Single Photons Actually Matter in Photography
- posted in: Photographic Technology
As anyone with a little background science knowledge will know, light can be measured as discrete quanta called photons. These particles behave as both a wave AND a particle, (as an aside, the wave-like behaviour of light is responsible for diffraction, which softens photographs taken at small apertures). For now, I shall focus on the particle side of things.
Photons of different wavelengths from a light source bounce off various objects in a scene before eventually being captured and counted in a pixel on a camera sensor. The number of red, green, and blue photons that make it onto the corresponding coloured pixels on the sensor determine the brightness of those pixels. There are many, many trillions of these photons bouncing around, and the overwhelming majority of these never make it anywhere near the sensor of a camera that is trying to capture a scene. What is important to note, though, is that while the number of photons bouncing around is very large, it is also finite.
The number of photons collected by each of a camera’s pixels is recorded by an analogue-to-digital (A/D) converter. These are usually now 14-bits, meaning they can record up to 4096 (214) shades of brightness per pixel (each pixel is either Red, Green, or Blue). Once interpolated, this theoretically allows for the capture of a 68 TRILLION colour image – 68,719,476,736 colours, to be precise (4096x4096x4096). This is usually output to a 24bit Jpeg that has 8-bits per channel (256 shades of brightness each for RGB, a total of 16.7 million colours).
How Many Photons are We Dealing With?
The dynamic range of most CMOS sensors is around 11 stops, or around a 2000x difference in brightness between the darkest and lightest pixels recorded.
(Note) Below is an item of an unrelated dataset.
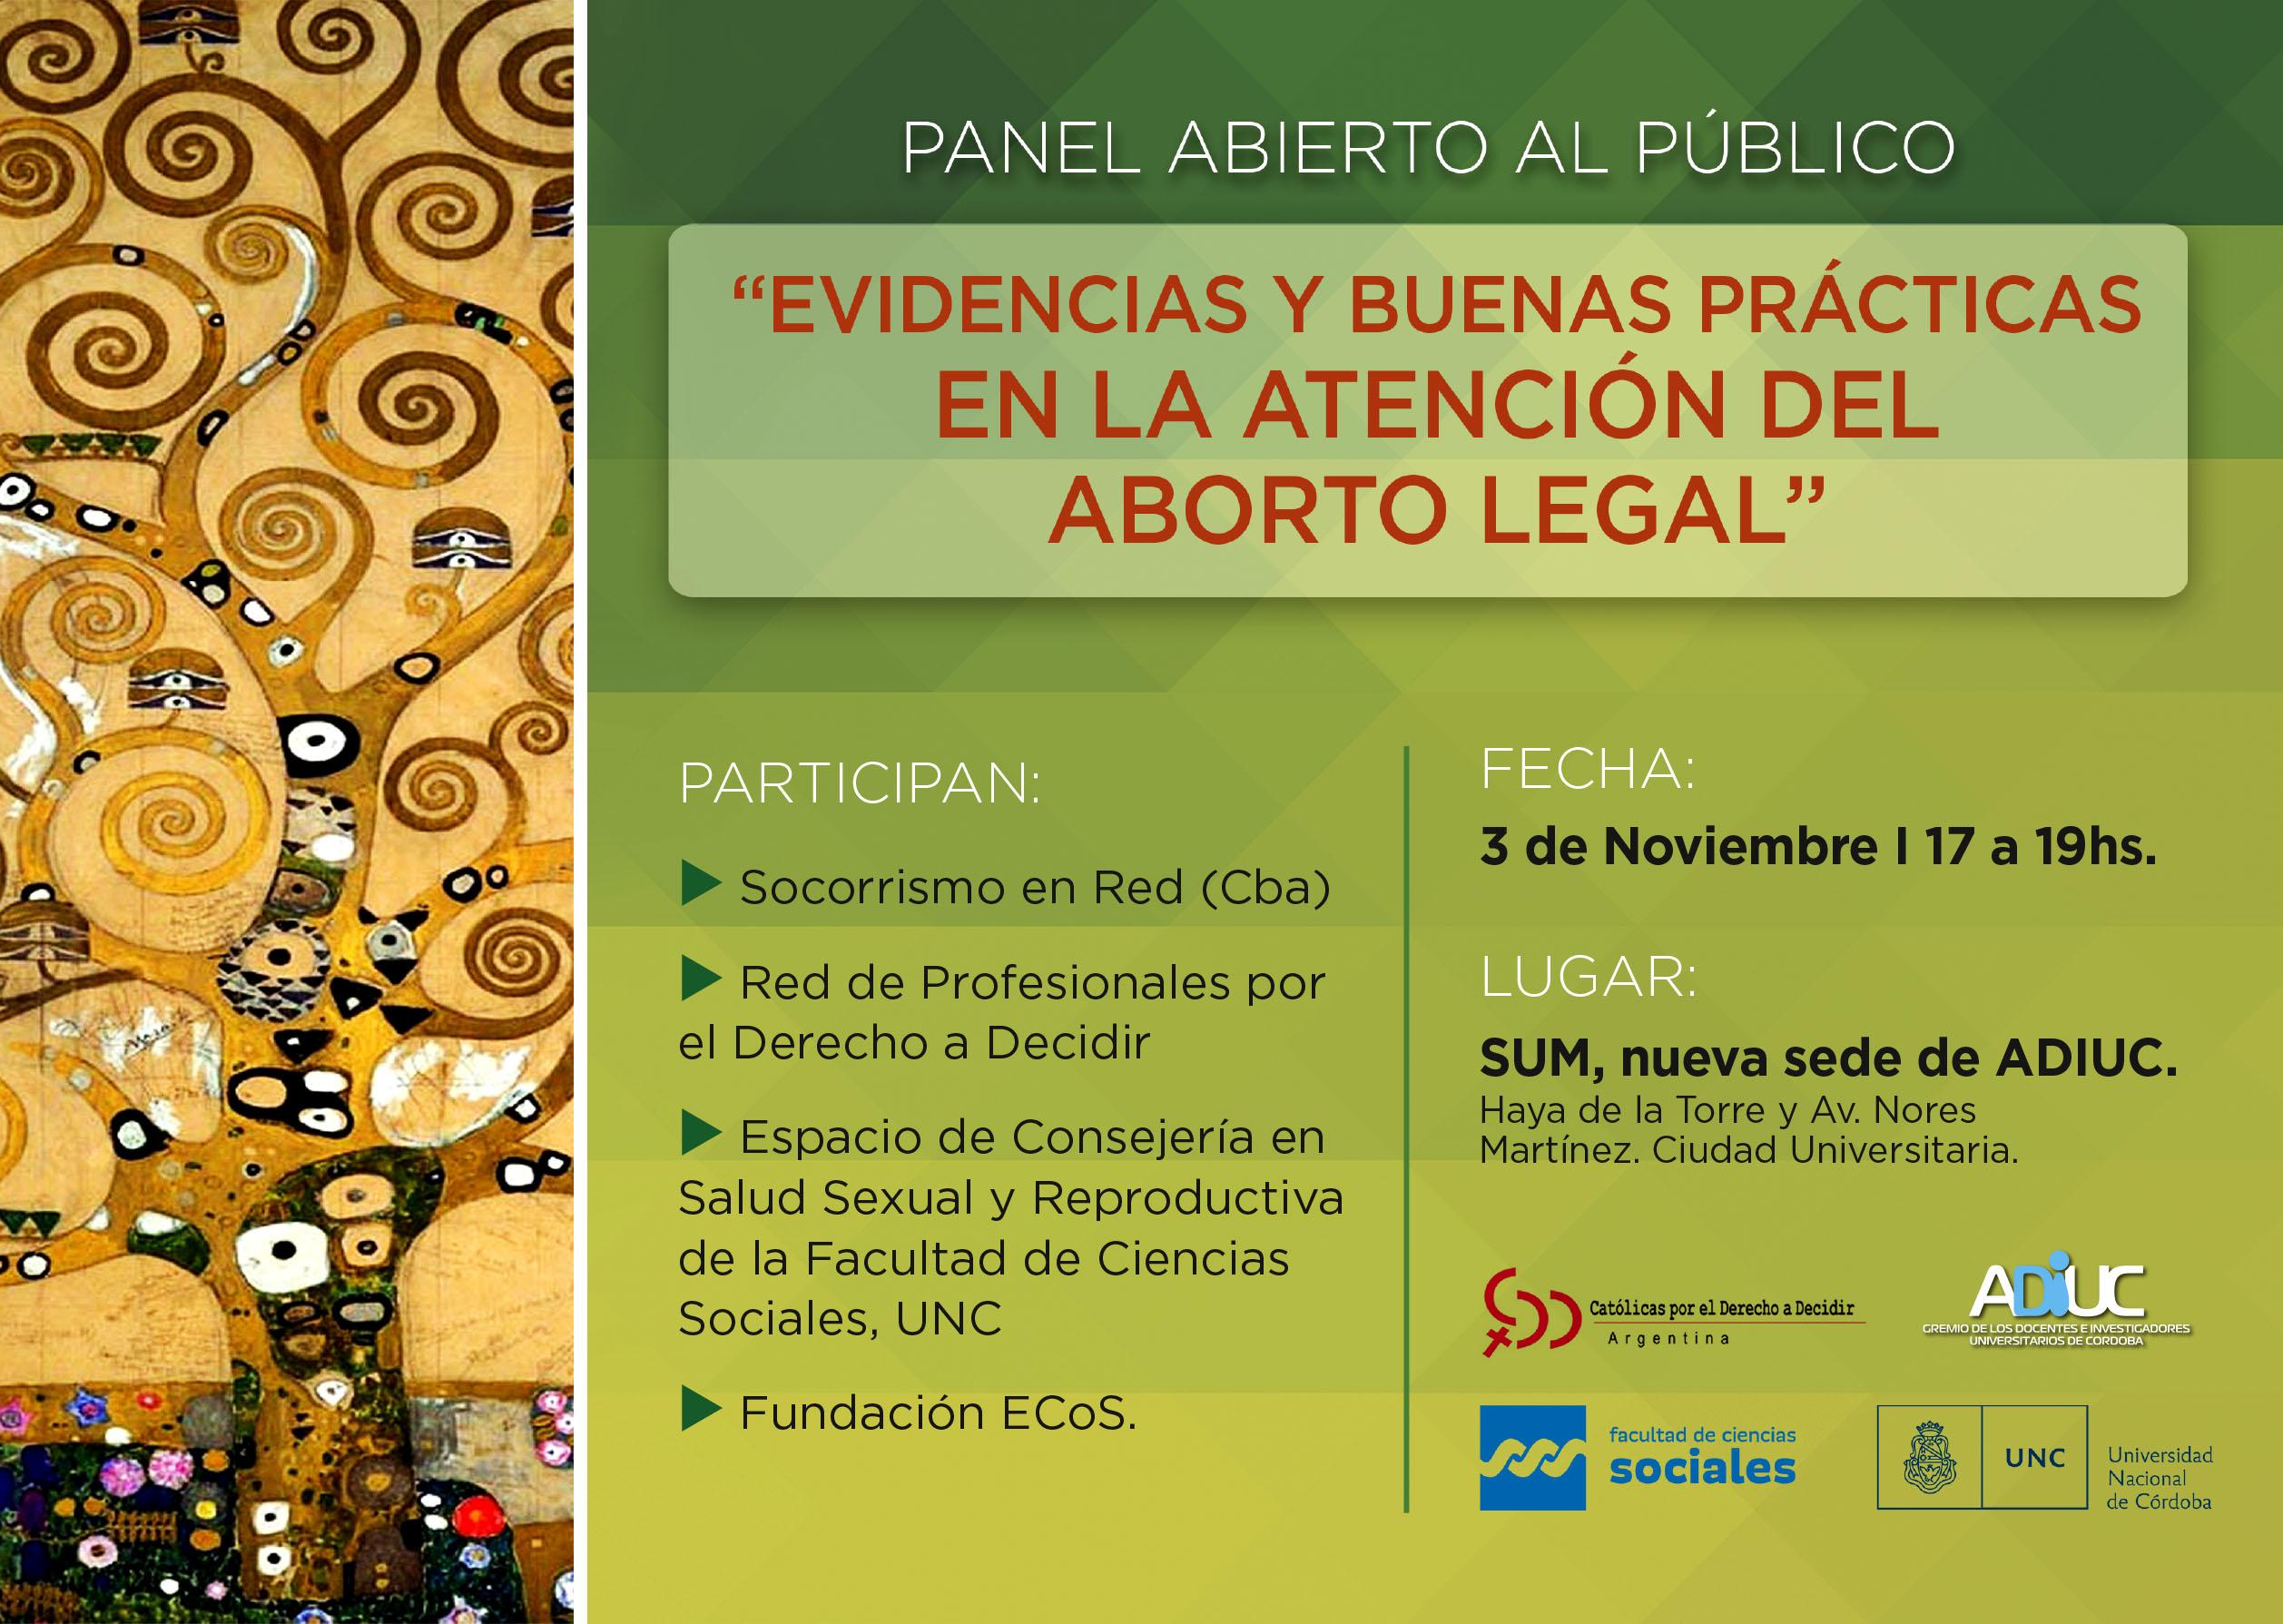 Evidencias y buenas prácticas en la atención del aborto legal

The maximum number of photons that my EOS 6D can capture for each pixel (its full well capacity) is 80,000, therefore, darkest pixels collect 800 photons at ISO 100. Each stop increase in ISO halves the number collected. By ISO 3200, only 2500 photons are being collected for the brightest pixels, and the darkest pixels measure only a SINGLE PHOTON. As a consequence, above ISO 3200 there aren’t enough photons to (accurately) use all the available steps in the camera’s tonal rage. Lifting the shadows in a photograph makes the problem worse, as the difference between a pixel hit by a single photon and one hit by two or three is substantial at high ISOs.
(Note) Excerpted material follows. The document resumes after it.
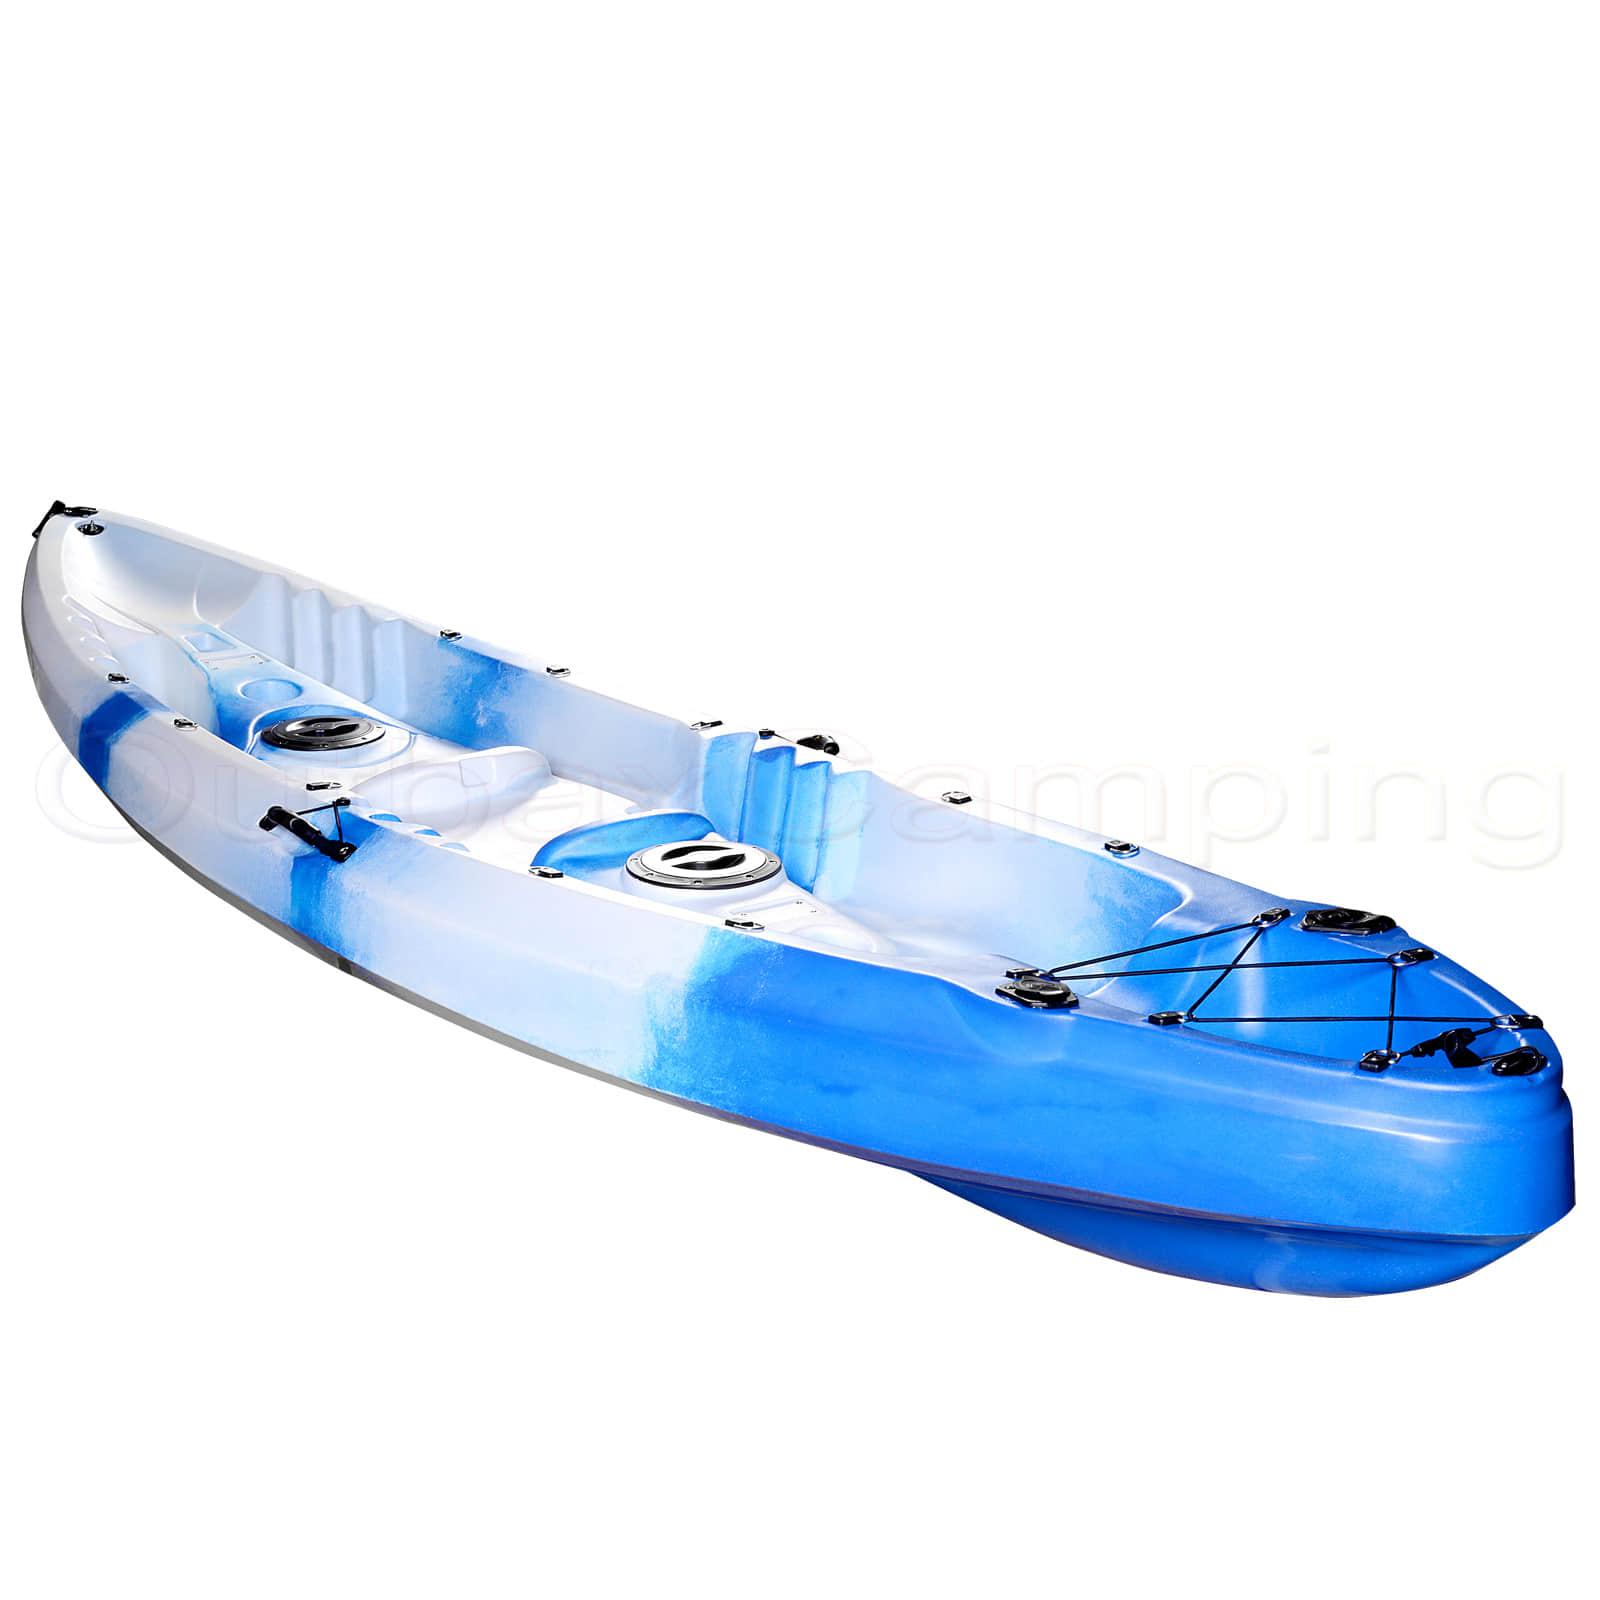 Double pacific fishing kayak sit on rod holders canoe camo for Double fishing kayak

| ISO | Max photons/pixel | Min photons/pixel |
| 100 | 80,000 | 40 |
| 200 | 40,000 | 20 |
| 400 | 20,000 | 10 |
| 800 | 10,000 | 5 |
| 1600 | 5,000 | 2 |
| 3200 | 2,500 | 1 |
| 6400 | 1,200 | >1 |
There are reasons for image noise other than the random nature of quantum particles. The EOS 5D mkIV has long exposure noise reduction which takes a dark frame (an exposure with the shutter closed) for the same duration as the previous exposure, and then subtracts the noise from the first image to cancel much of it out. However, this doesn’t work for the random phenomena of photons scattering on a sensor.
Software to the rescue!
So, hardware will soon reach its maximum potential (and we have seen a slowing in improvements in sensor performance for some time now), but software is where the best gains are to be had. The noise suppression algorithms that camera run can and will keep improving. I’m sure that not too long from now, deep learning techniques such as convolutional neural networks will be used to virtually eliminate image noise and restore some dynamic range. We will get image quality that far surpasses anything we have today.